Cosmo’s point is that you can use a variable – say Date – in a regression to predict a response – say number of deaths in Chicago. But it doesn’t mean that the variable is causal:
It seems absurd, however, to say that the date explains how many people died in Chicago on a given day, or even the variation from day to day. The closest I can come up with to an example of someone making such a claim would be an astrologer, and even one of them would work in some patter about the planets and their influences.
But if it’s so absurd, why are you using date in the first place? Isn’t it absurd to try to explain death rates with something that a priori you think can’t possibly explain death rates?

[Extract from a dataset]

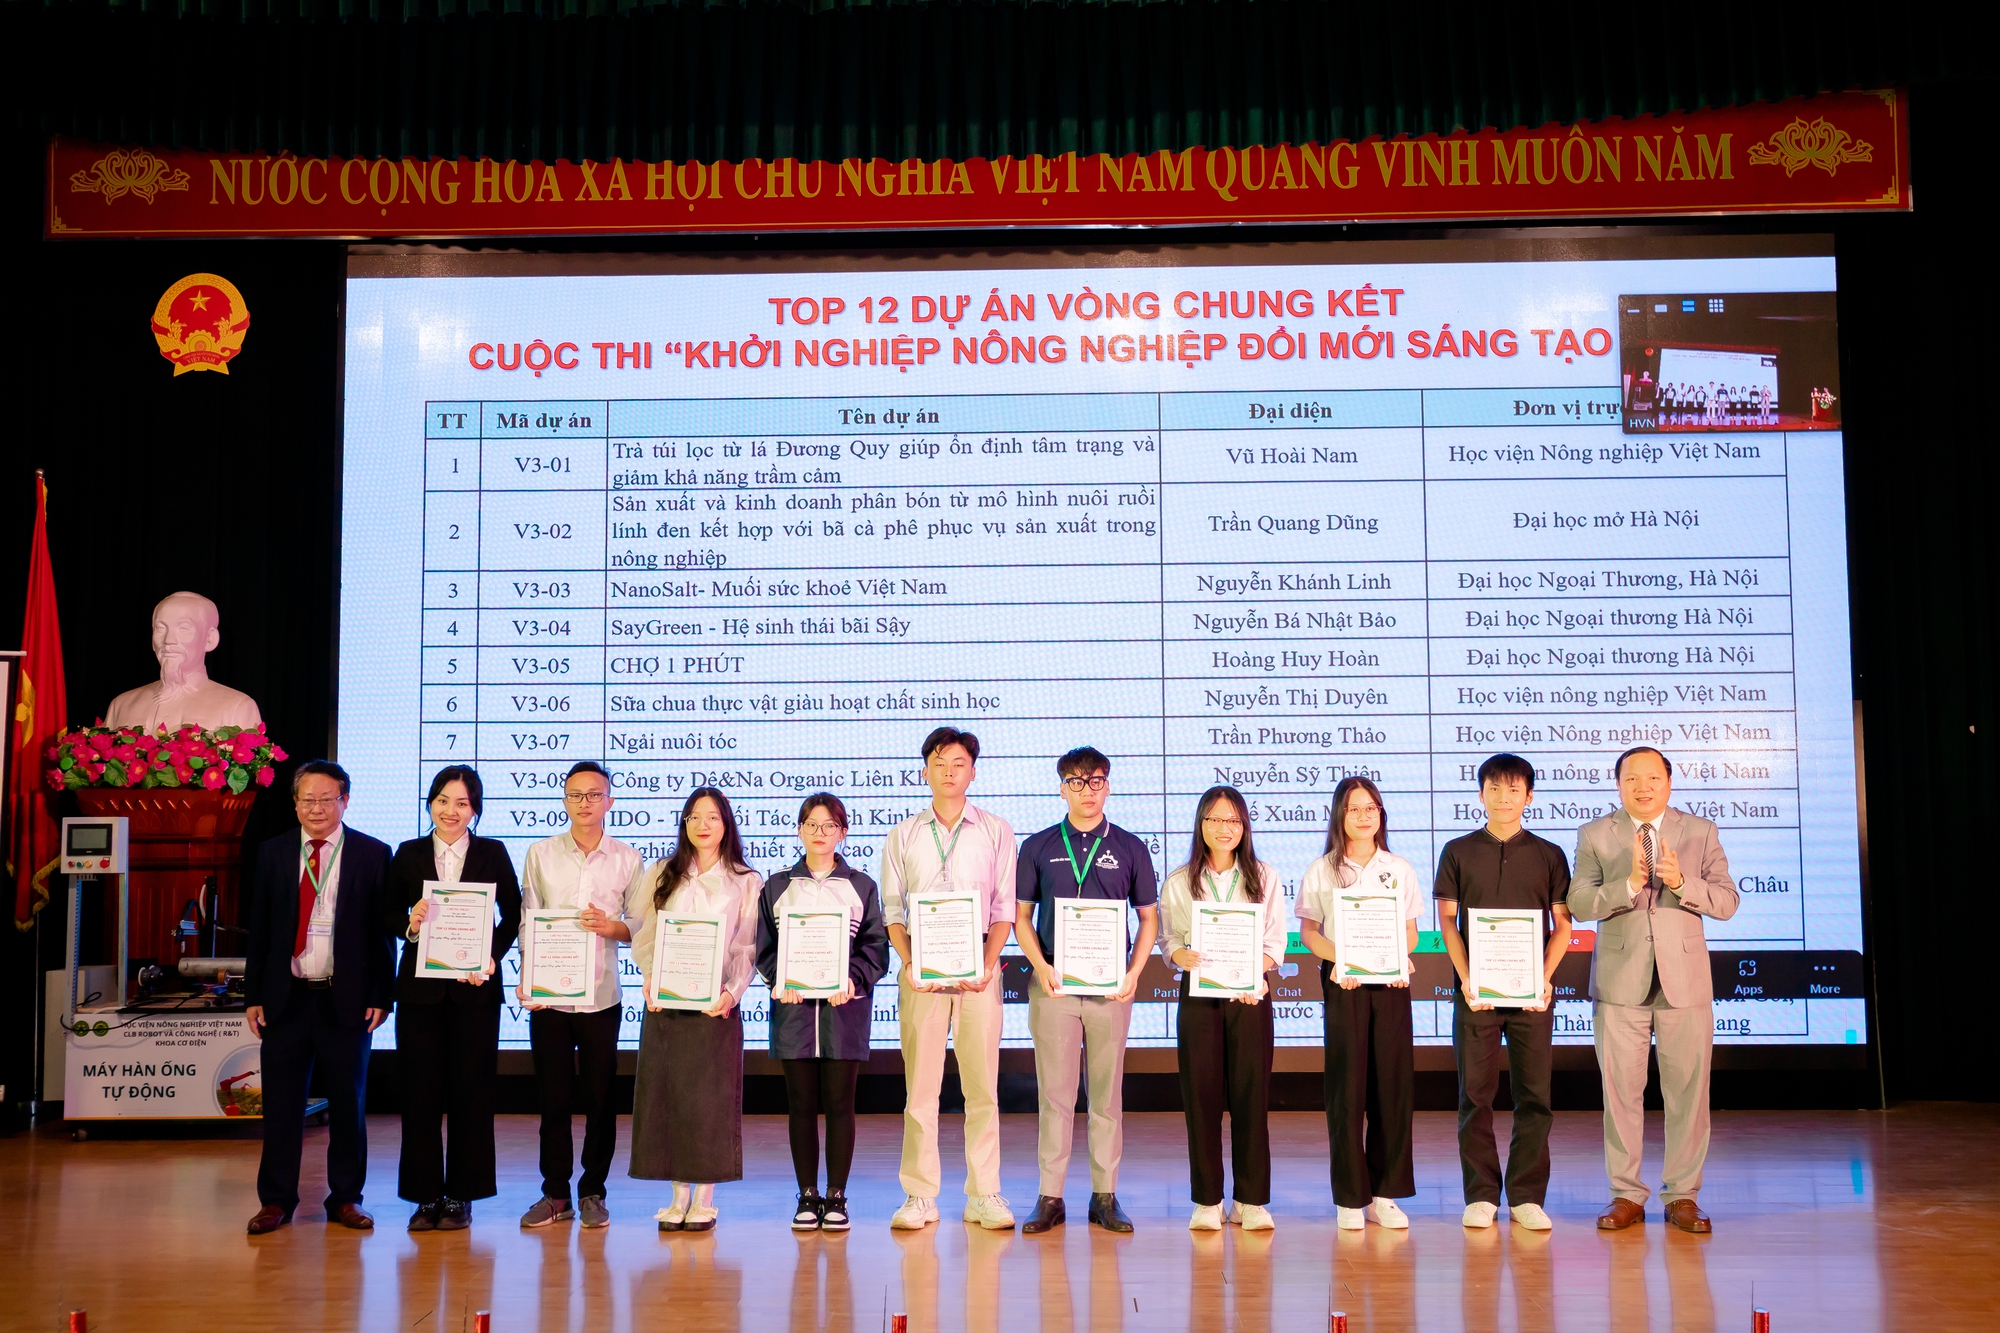 Chế tạo máy hàn tự động, sinh viên Học viện Nông nghiệp Việt Nam giành giải Nhất cuộc thi khởi nghiệp - Ảnh 5.
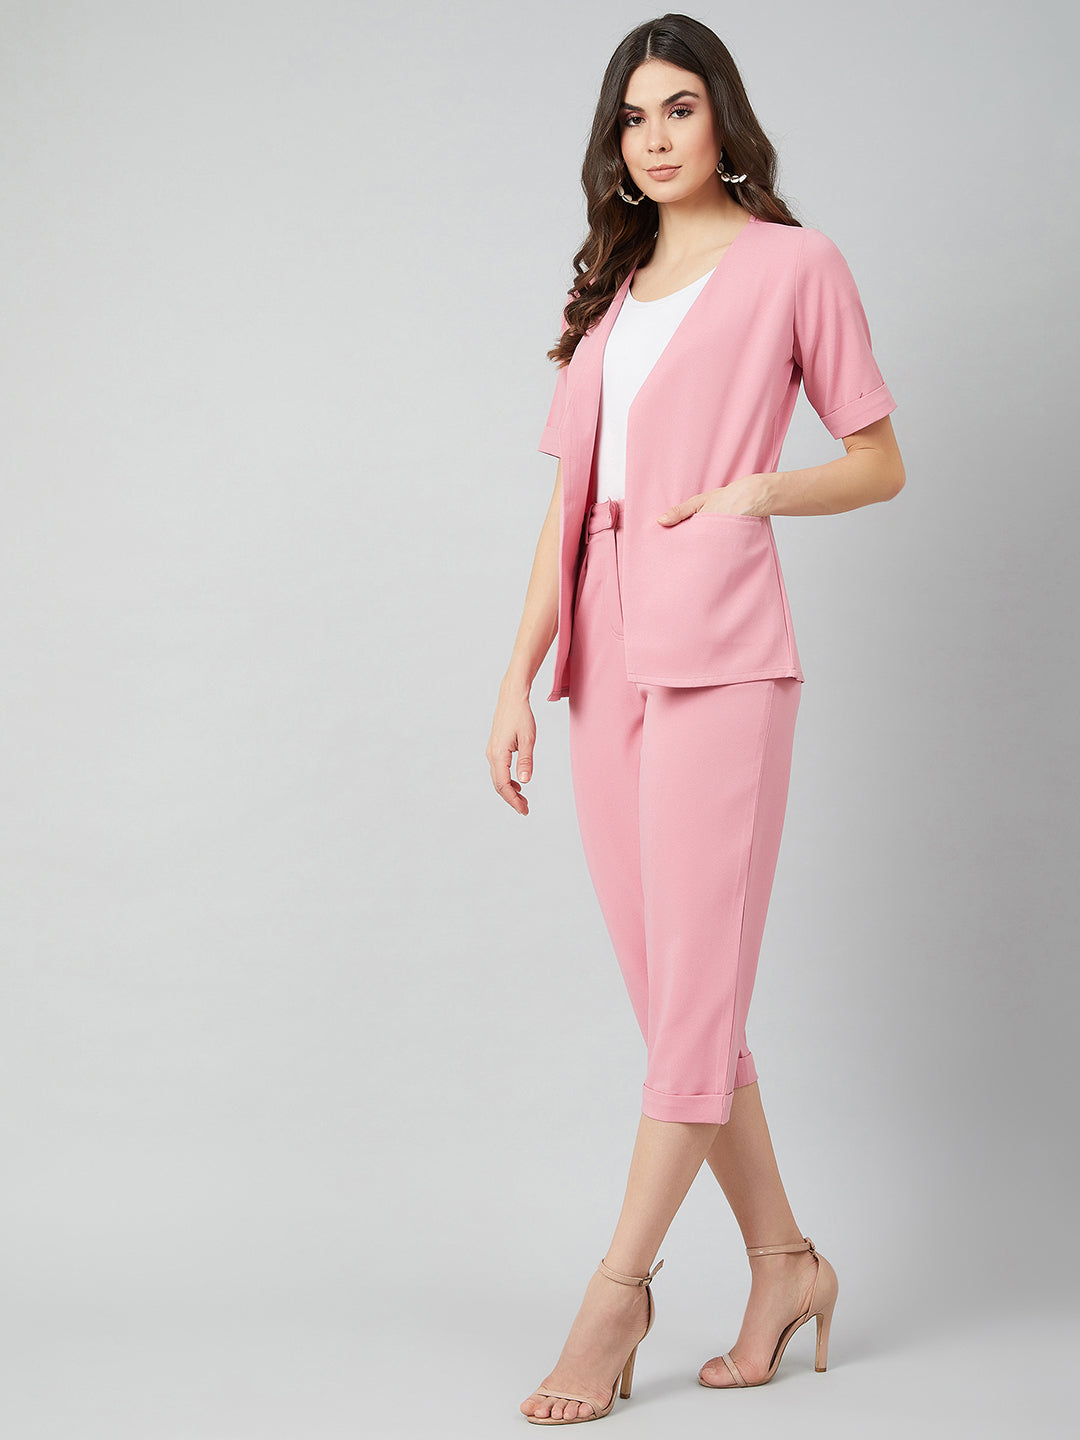 Athena Women Pink Blazer With Cigarette Pant Co-ord Set - Athena Lifestyle

Well, yes and no. It depends on how we interpret the regression model. The purpose of a regression is to explain a variable, Y, with one or more explanatory variables, X, i.e. to find a relationship Y = f(X) + ε. X explains Y in the sense that if we know X, we can calculate f( X), and this plus some random noise (the ε) is Y is. Note that there is an asymmetry here: X is used to explain Y, but not the other way round (if there were a symmetry we would be talking about X and >Y being correlated). From this it’s a small step to say that some of the variation in Y is explained by X, i.e. according to the model if we change X, we’ll see a corresponding change in Y. Interpreted like this, it makes perfect sense to say that date predicts deaths in Chicago.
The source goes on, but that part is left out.